=== Given data ===
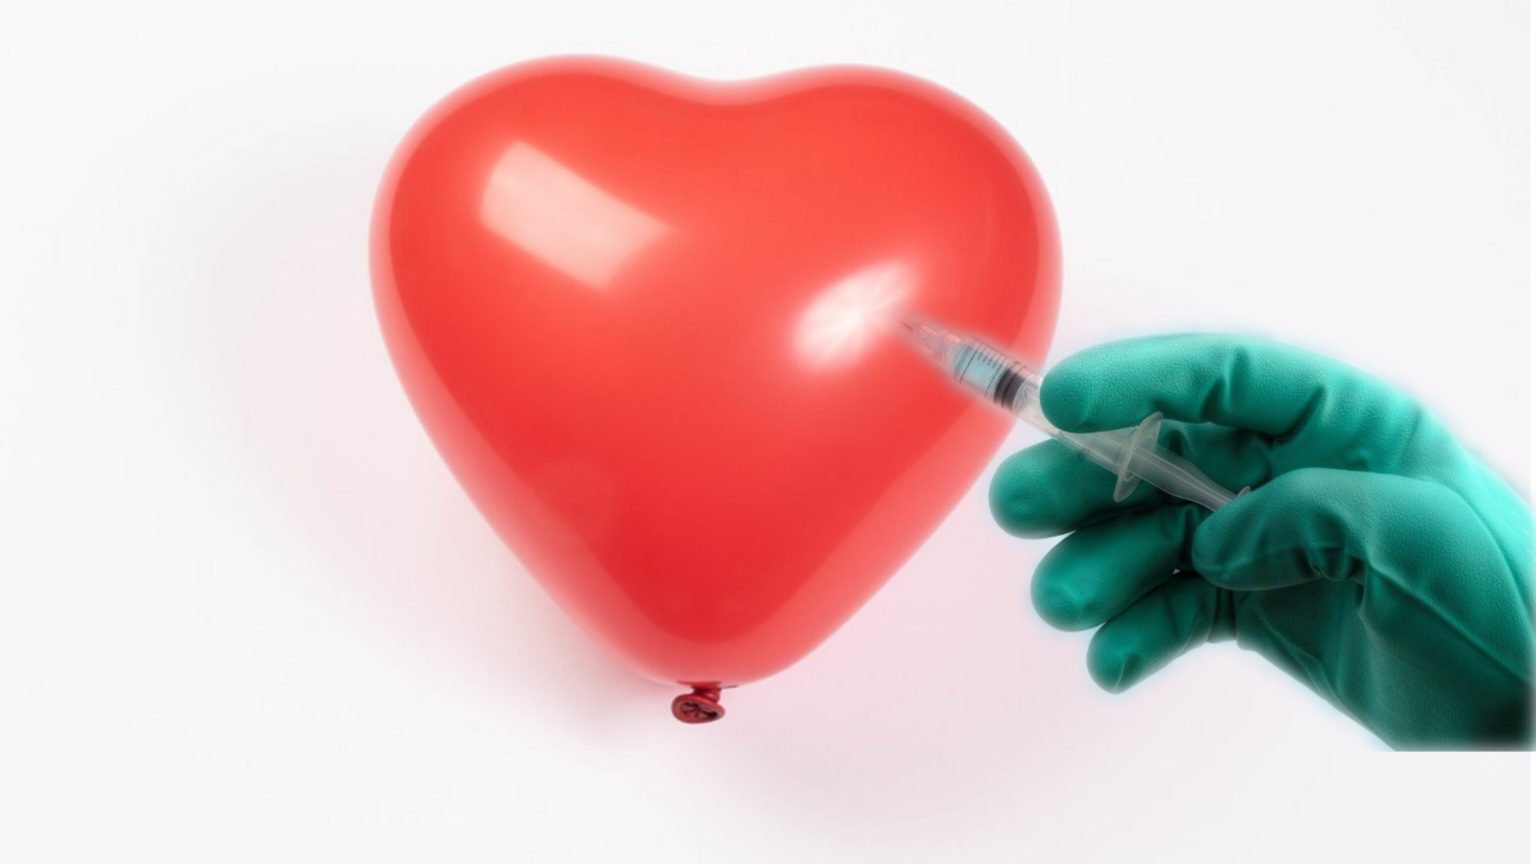 Can't Make This Up - Moderna CEO Announces Development of New mRNA "Injection" to Repair Heart Muscle After a Heart Attack | The Gateway Pundit | by Julian Conradson
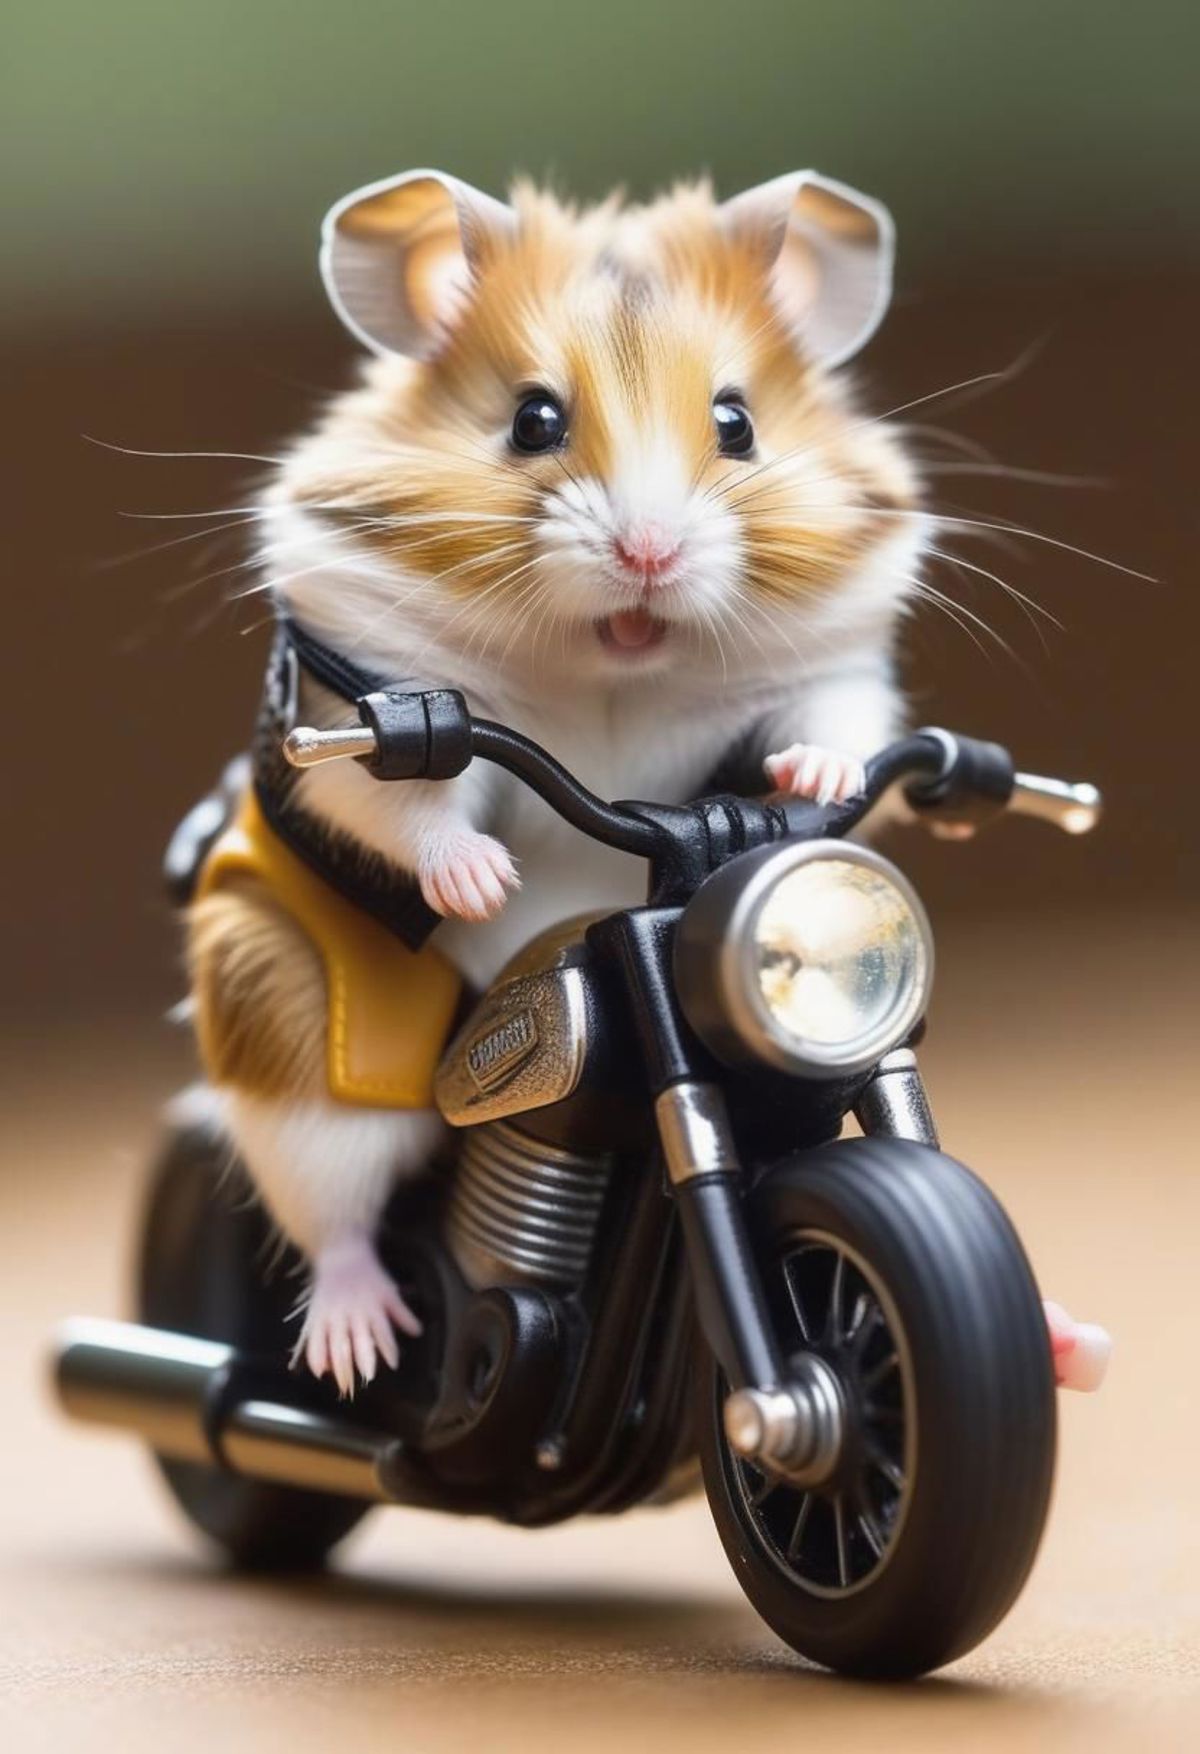 A Hamster Sitting on a Miniature Motorcycle Toy
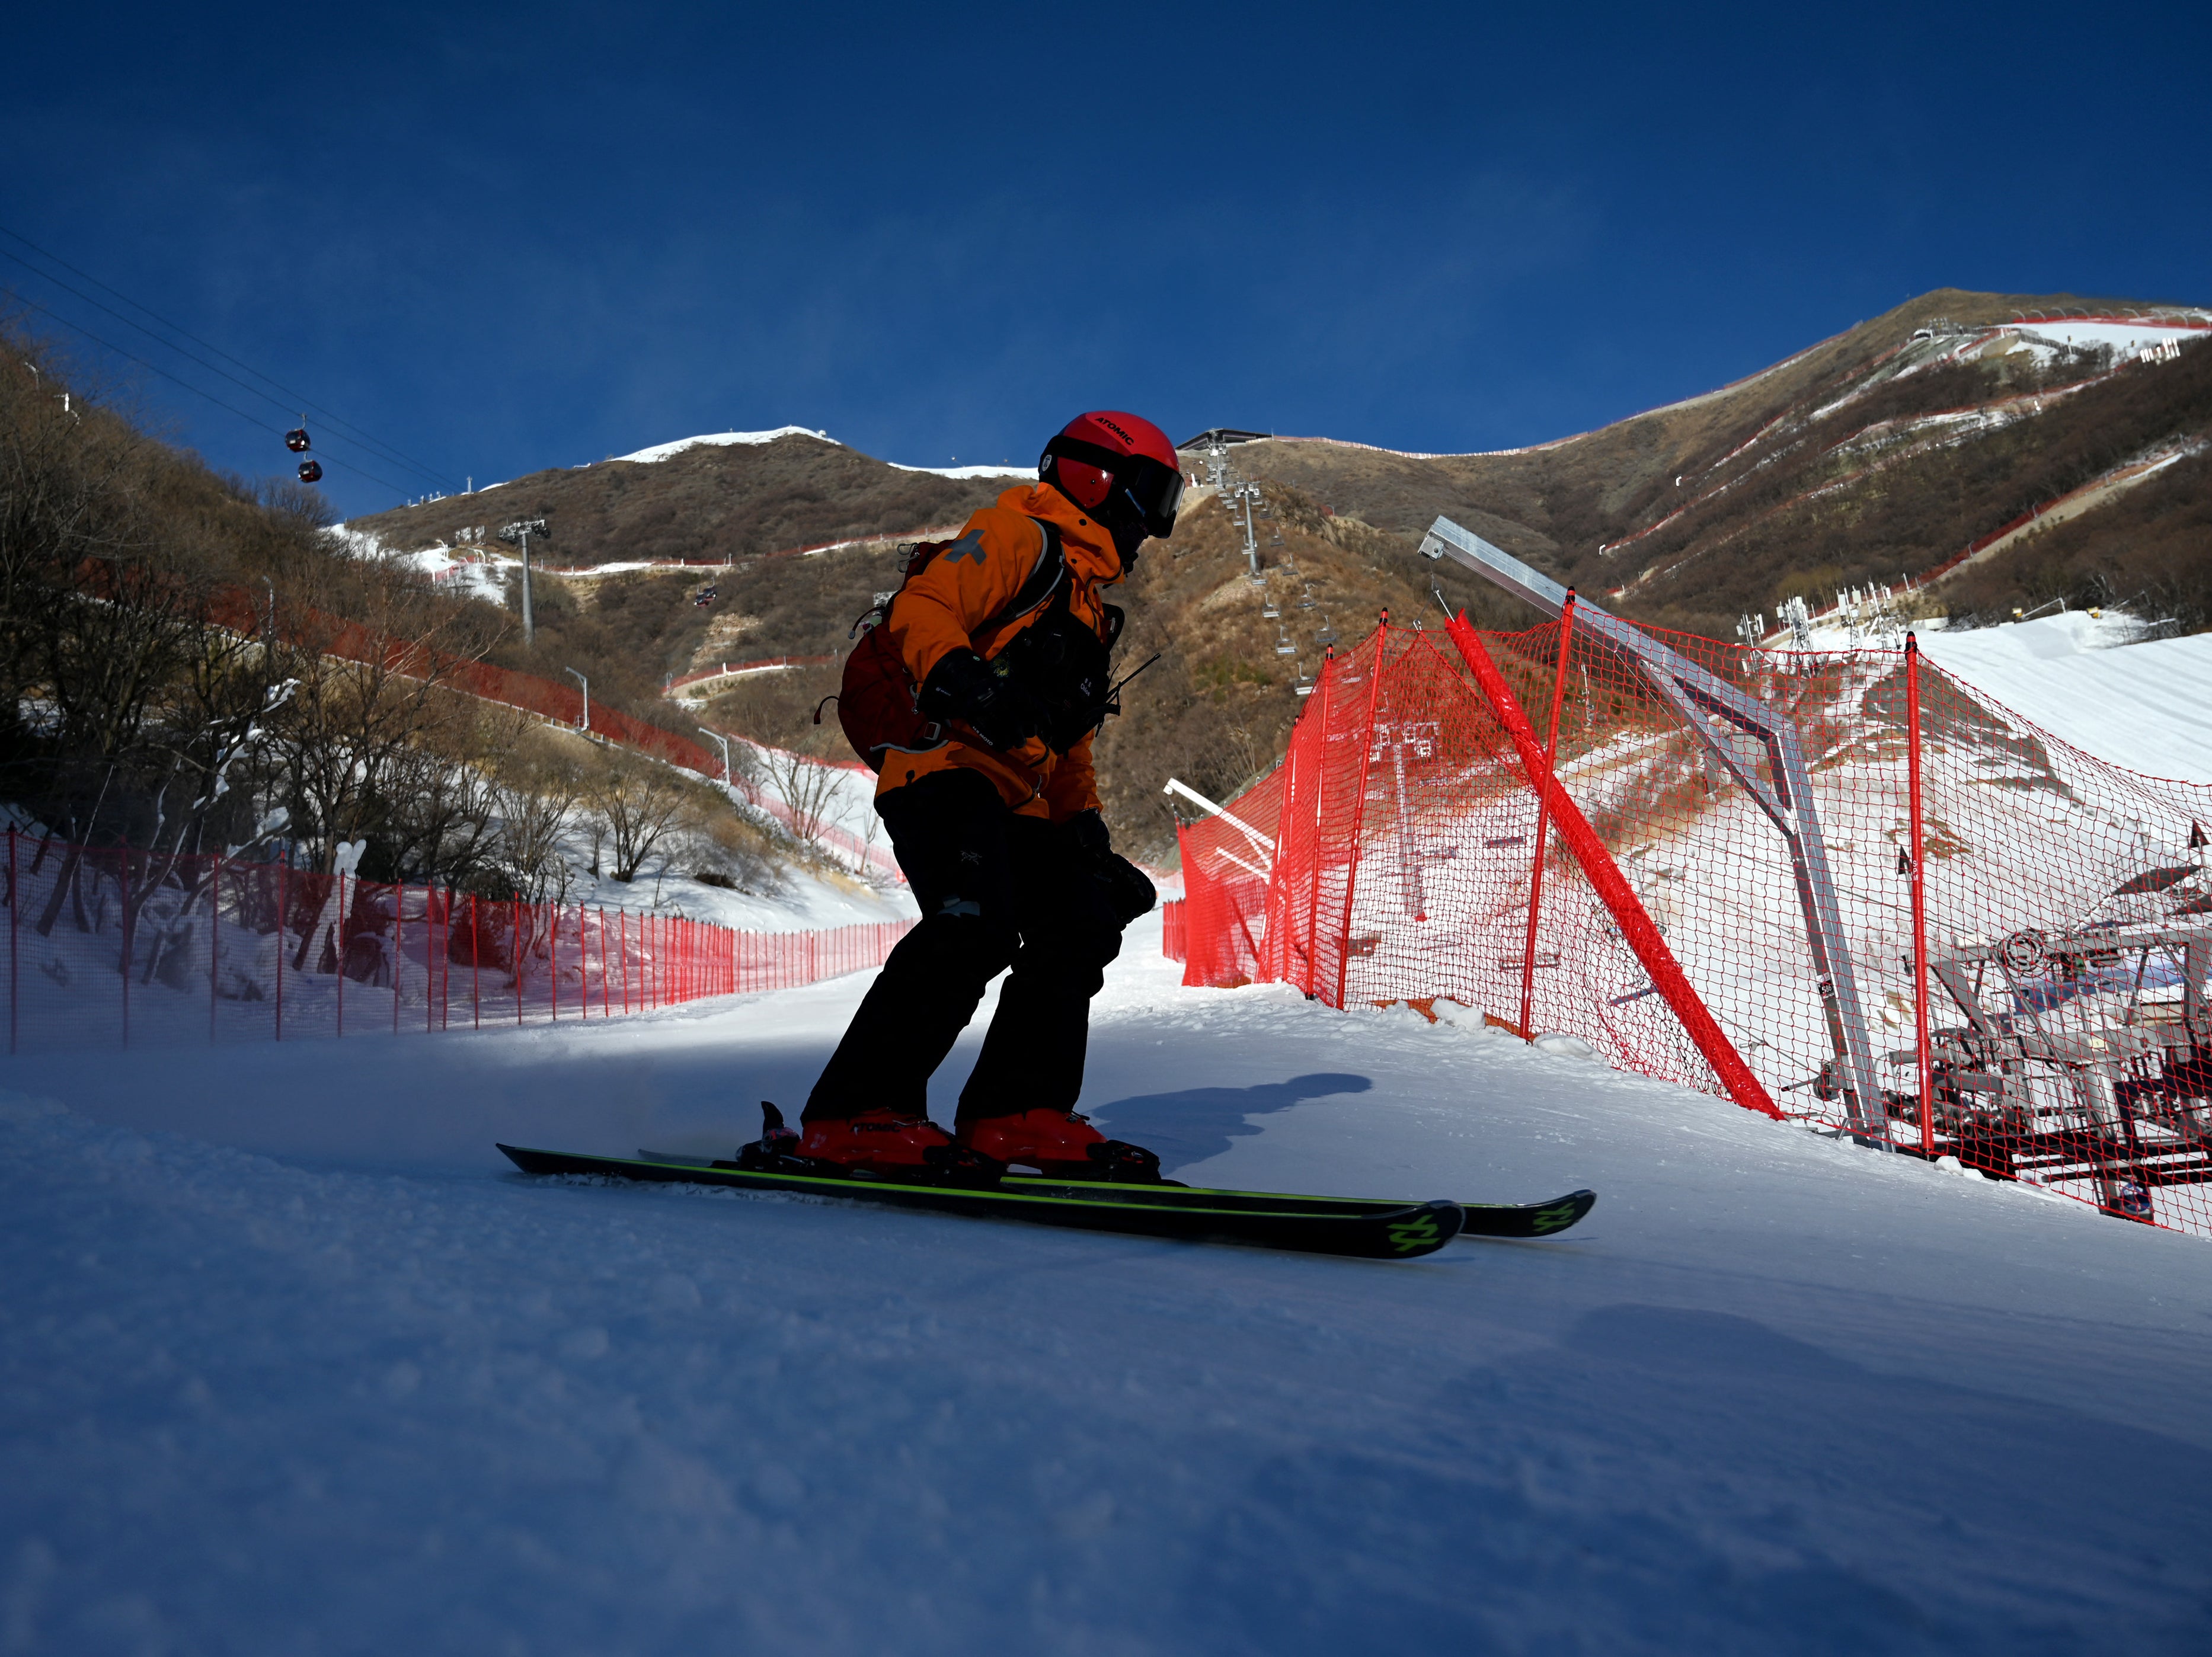 The National Alpine Ski Centre has been built in the Yanqing area, where thousands of trees have been moved for the games
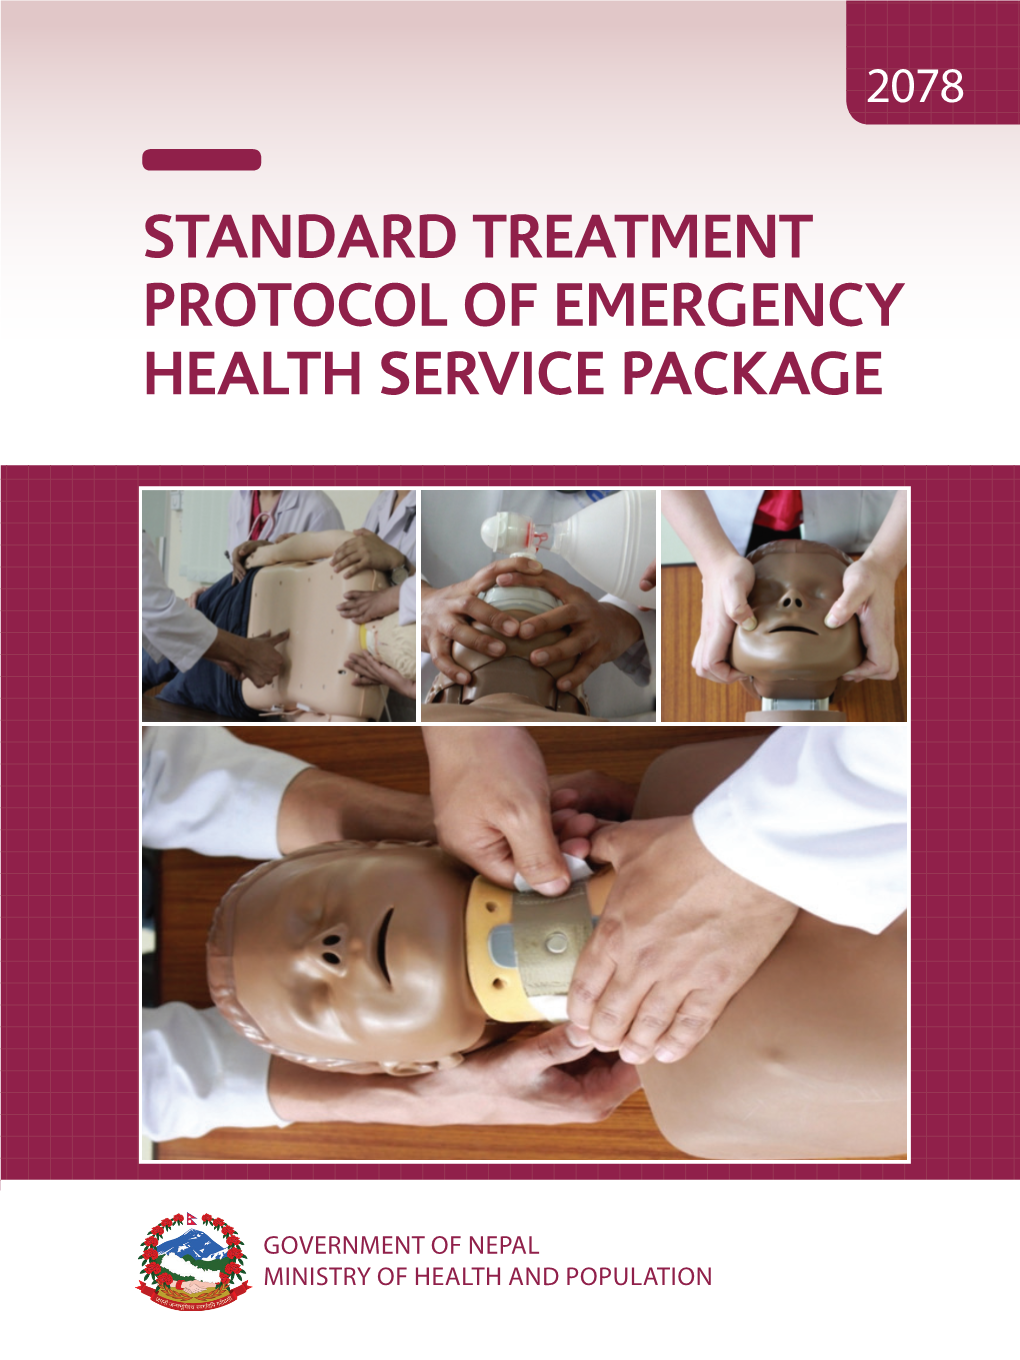 Standard Treatment Protocol of Emergency Health Service Package
===
Your instructions
No picture belongs in the copy; return the rest of the listing exactly.

Exercise response
 Can't Make This Up - Moderna CEO Announces Development of New mRNA "Injection" to Repair Heart Muscle After a Heart Attack | The Gateway Pundit | by Julian Conradson
 A Hamster Sitting on a Miniature Motorcycle Toy
 The National Alpine Ski Centre has been built in the Yanqing area, where thousands of trees have been moved for the games
 Standard Treatment Protocol of Emergency Health Service Package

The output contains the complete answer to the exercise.